The lake was designated a National Natural Landmark in 2020, and you can reach it by following the short but strenuous Hanging Lake Trail, a two-hour round trip hike through steep canyons and dense forests.
Hanging Lake Trail
The Hanging Lake Trail begins at the bottom of Glenwood Canyon east of Glenwood Springs and heads uphill through the steep, rocky terrain of Deadhorse Creek Canyon, following a series of switchbacks until it reaches Hanging Lake.
The beginning and ending sections of the trail are the most rocky and challenging. The Hanging Lake trail is 1.2 miles long — 2.4 miles round-trip — and is open to foot traffic only. You can reach the trailhead from the parking area at the Hanging Lake exit off of Interstate 70.
Much of the Hanging Lake Trail makes use of stairs carved directly into the rock of Deadhorse Creek Canyon, and there are several rest areas where you can stop along the way. Hand rails are provided along the most difficult sections.
The trail follows and occasionally crosses the creek as it heads uphill, and most of its length is shaded by lush vegetation.
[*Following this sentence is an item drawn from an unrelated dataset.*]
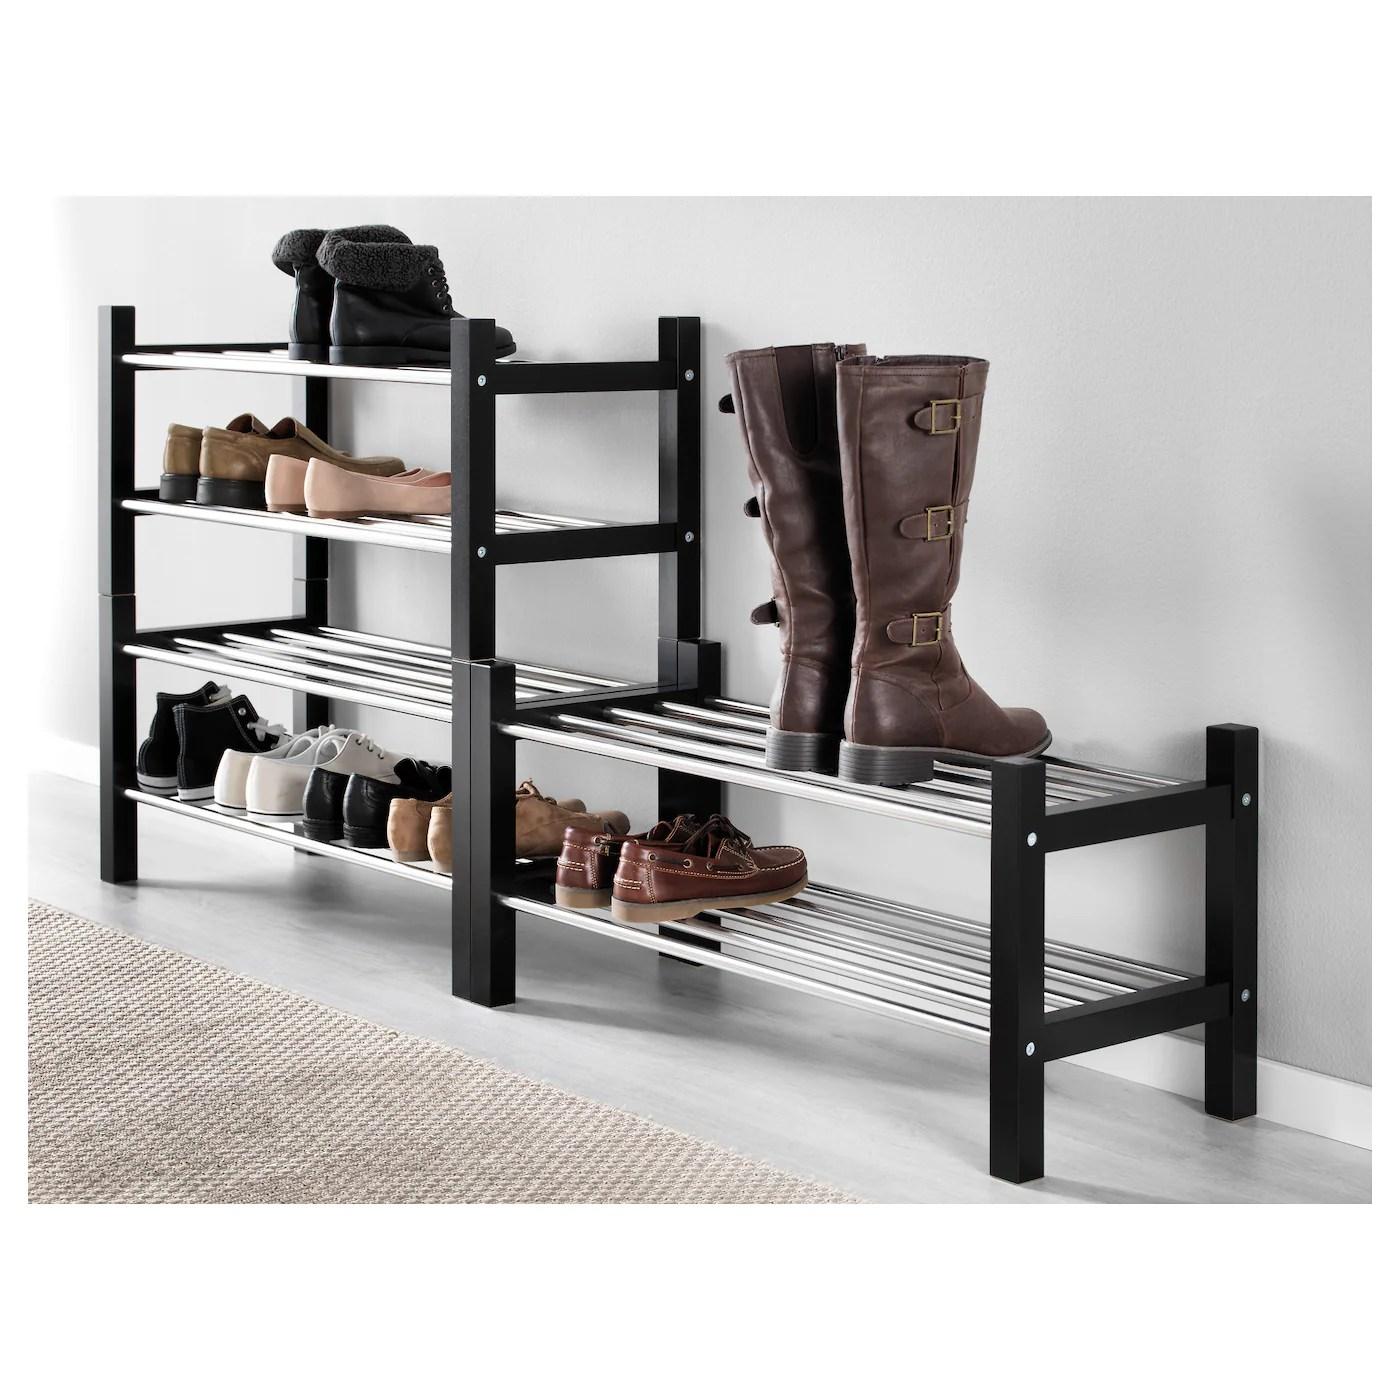 tjusig shoe rack black 31 1 8x12 5 8x14 5 8

The hike ends at a boardwalk that encircles part of the lake, providing views of the waterfall and the lake’s overhanging plants. A short side trail near the lake leads to Sprouting Rock, where centuries of water have carved out a passage through the limestone cliffs.
Durable footwear and lots of water are essential on this hike. Water from springs and streams must be filtered or treated before you drink it. Fishing and swimming are prohibited, along with all other direct contact with the lake, and dogs are not allowed on the Hanging Lake Trail.
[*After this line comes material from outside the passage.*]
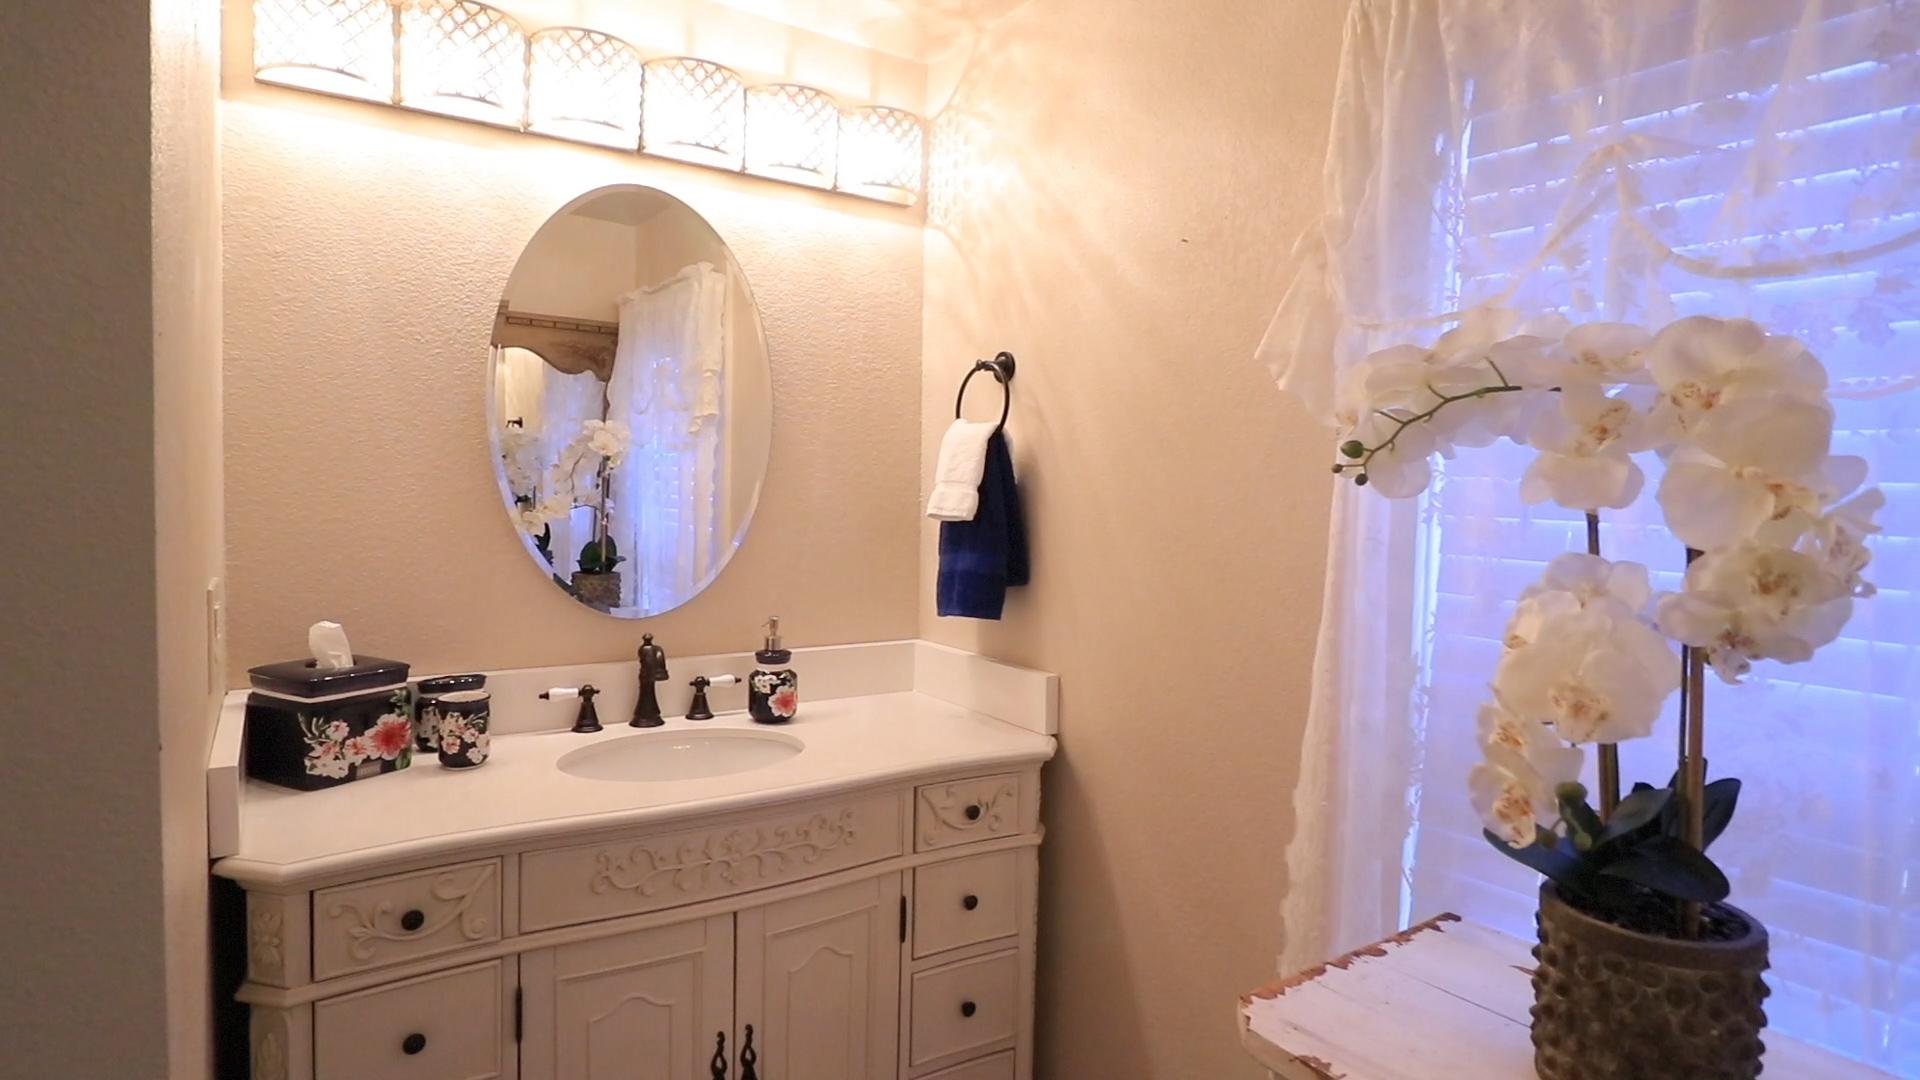 bbathroom in bb room.jpg

Both the lake and trail are located within the boundaries of White River National Forest, which spans 2.3 million acres and includes numerous campgrounds, picnic areas and additional hiking trails.
You can also reach the Hanging Lake trailhead along the Glenwood Canyon Recreation Path, a hiking and biking trail that begins at Glenwood Springs, about 10 miles west of Hanging Lake.
Other hiking trails in the area include the 3.5-mile Grizzly Creek Trail, which is also accessible from I-70, and the Glenwood Canyon Recreation Path; the Deadhorse Trail branches off from the Hanging Lake Trail about a quarter mile from the trailhead and climbs to the northern rim of Glenwood Canyon. More information on all these trails is available on the White River National Forest website.